Improving Node Representation by Boosting Target-Aware Contrastive Loss

Graphs model complex relationships between entities, with nodes and edges capturing intricate connections. Node representation learning involves transforming nodes into low-dimensional embeddings. These embeddings are typically used as features for downstream tasks. Therefore, their quality has a significant impact on task performance. Existing approaches for node representation learning span (semi-)supervised, unsupervised, and self-supervised paradigms. In graph domains, (semi-)supervised learning often only optimizes models based on class labels, neglecting other abundant graph signals, which limits generalization. While self-supervised or unsupervised learning produces representations that better capture underlying graph signals, the usefulness of these captured signals for downstream target tasks can vary. To bridge this gap, we introduce Target-Aware Contrastive Learning (Target-aware CL) which aims to enhance target task performance by maximizing the mutual information between the target task and node representations with a self-supervised learning process. This is achieved through a sampling function, XGBoost Sampler (XGSampler), to sample proper positive examples for the proposed Target-Aware Contrastive Loss (XTCL). By minimizing XTCL, Target-aware CL increases the mutual information between the target task and node representations, such that model generalization is improved. Additionally, XGSampler enhances the interpretability of each signal by showing the weights for sampling the proper positive examples. We show experimentally that XTCL significantly improves the performance on two target tasks: node classification and link prediction tasks, compared to state-of-the-art models.
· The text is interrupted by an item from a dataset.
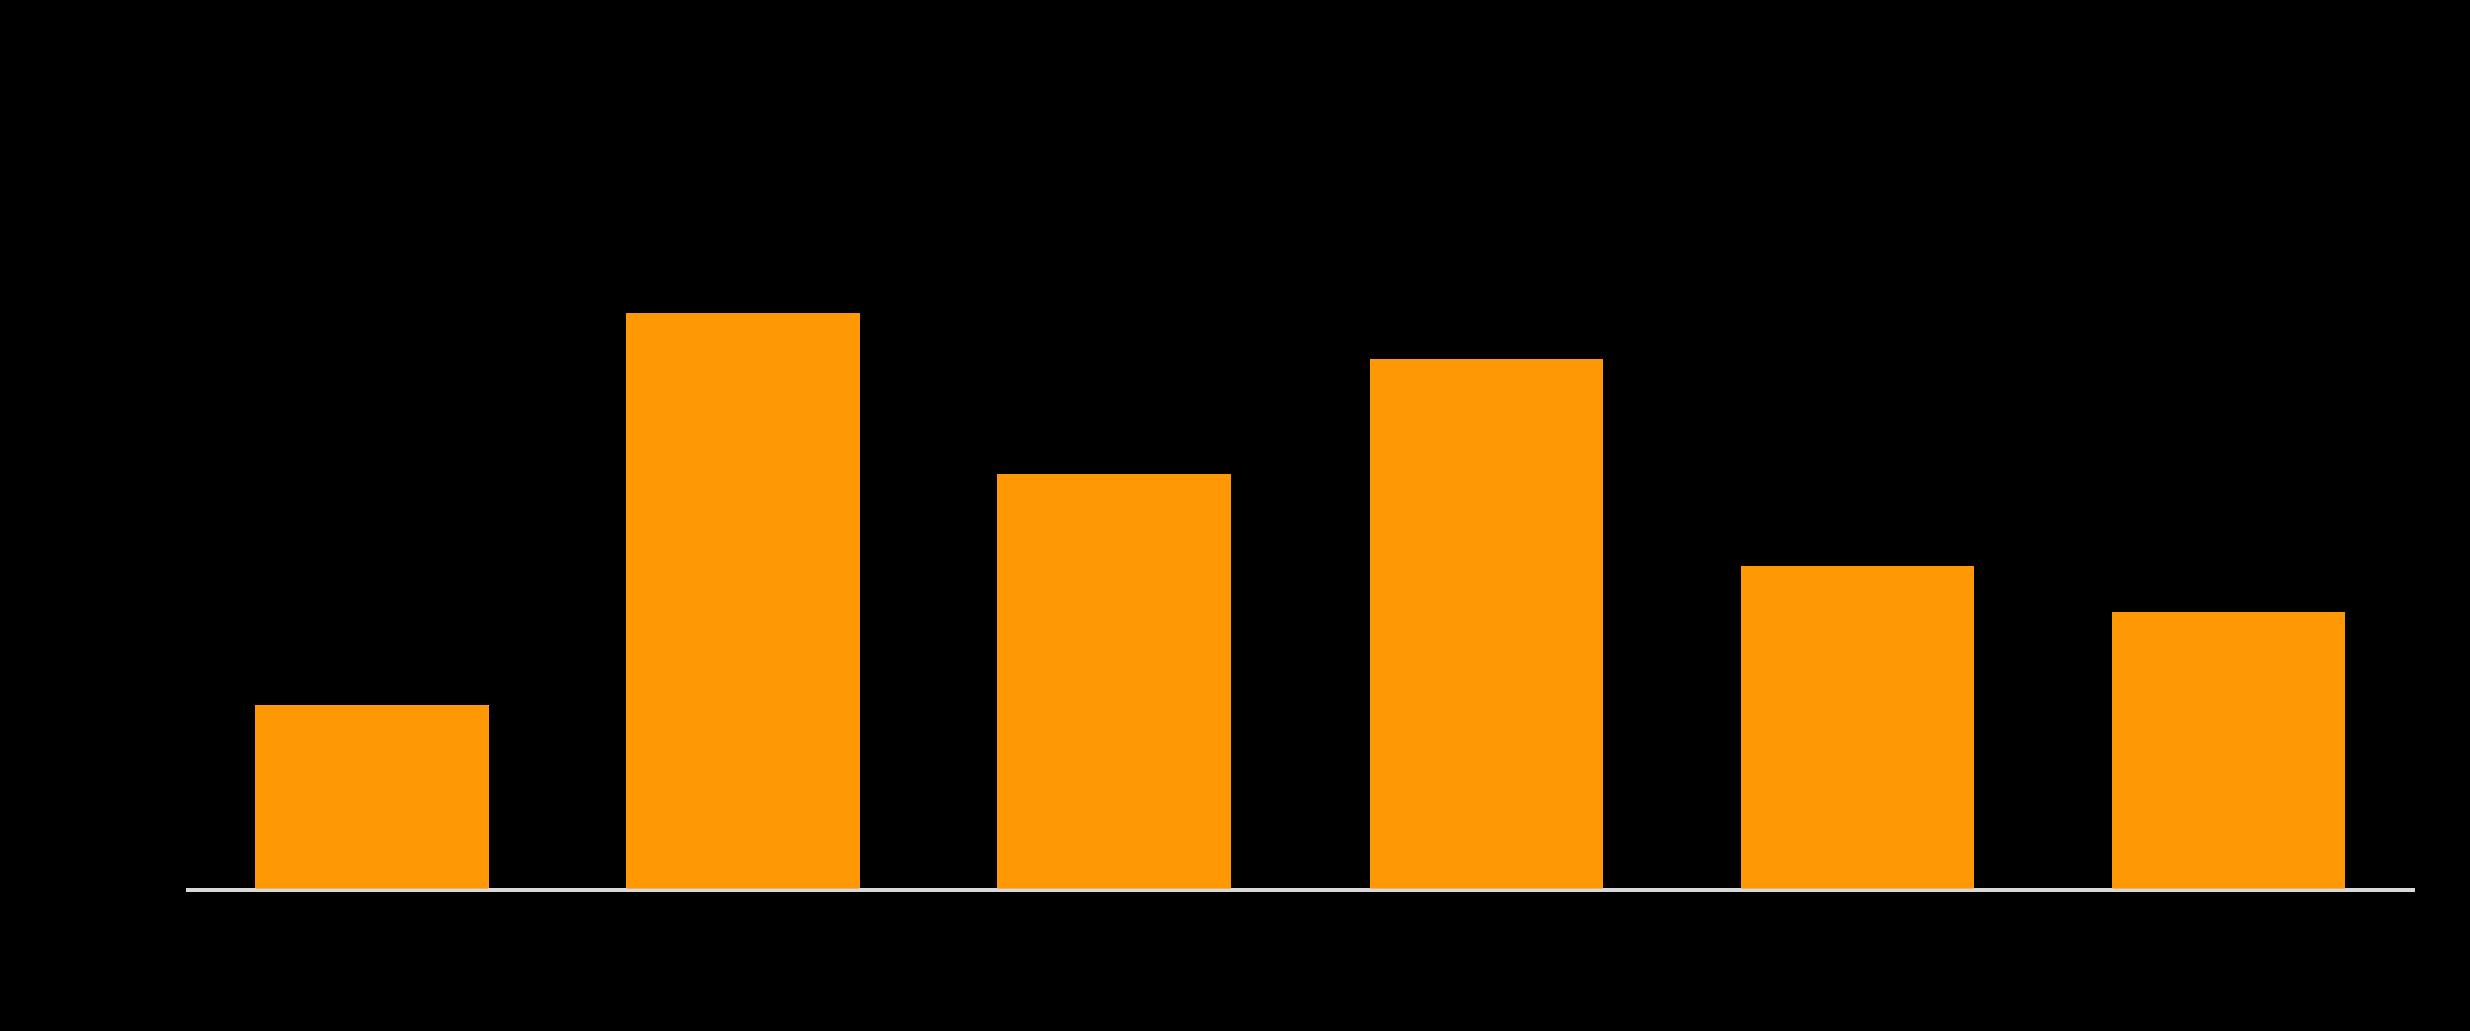 Eigene Kundendaten analysieren für Persona-Erstellung

翻译：图模型能够刻画实体间的复杂关系，其中节点与边可捕捉精细的连接结构。节点表示学习旨在将节点转换为低维嵌入向量。这些嵌入通常作为下游任务的特征输入，因此其质量对任务性能具有重要影响。现有的节点表示学习方法涵盖（半）监督、无监督与自监督范式。在图领域中，（半）监督学习往往仅基于类别标签优化模型，忽略了其他丰富的图信号，从而限制了泛化能力。尽管自监督或无监督学习生成的表示能更好地捕捉底层图信号，但这些被捕捉的信号对于下游目标任务的有效性可能存在差异。为弥合这一差距，我们提出了目标感知对比学习（Target-aware CL），其目标是通过最大化目标任务与节点表示之间的互信息，结合自监督学习过程来提升目标任务性能。该方法通过一个采样函数——XGBoost采样器（XGSampler）——为所提出的目标感知对比损失（XTCL）采样合适的正例。通过最小化XTCL，目标感知对比学习可增加目标任务与节点表示之间的互信息，从而提升模型泛化能力。此外，XGSampler通过展示采样合适正例的权重，增强了各信号的可解释性。实验表明，与现有先进模型相比，XTCL在节点分类和链接预测两个目标任务上均能显著提升性能。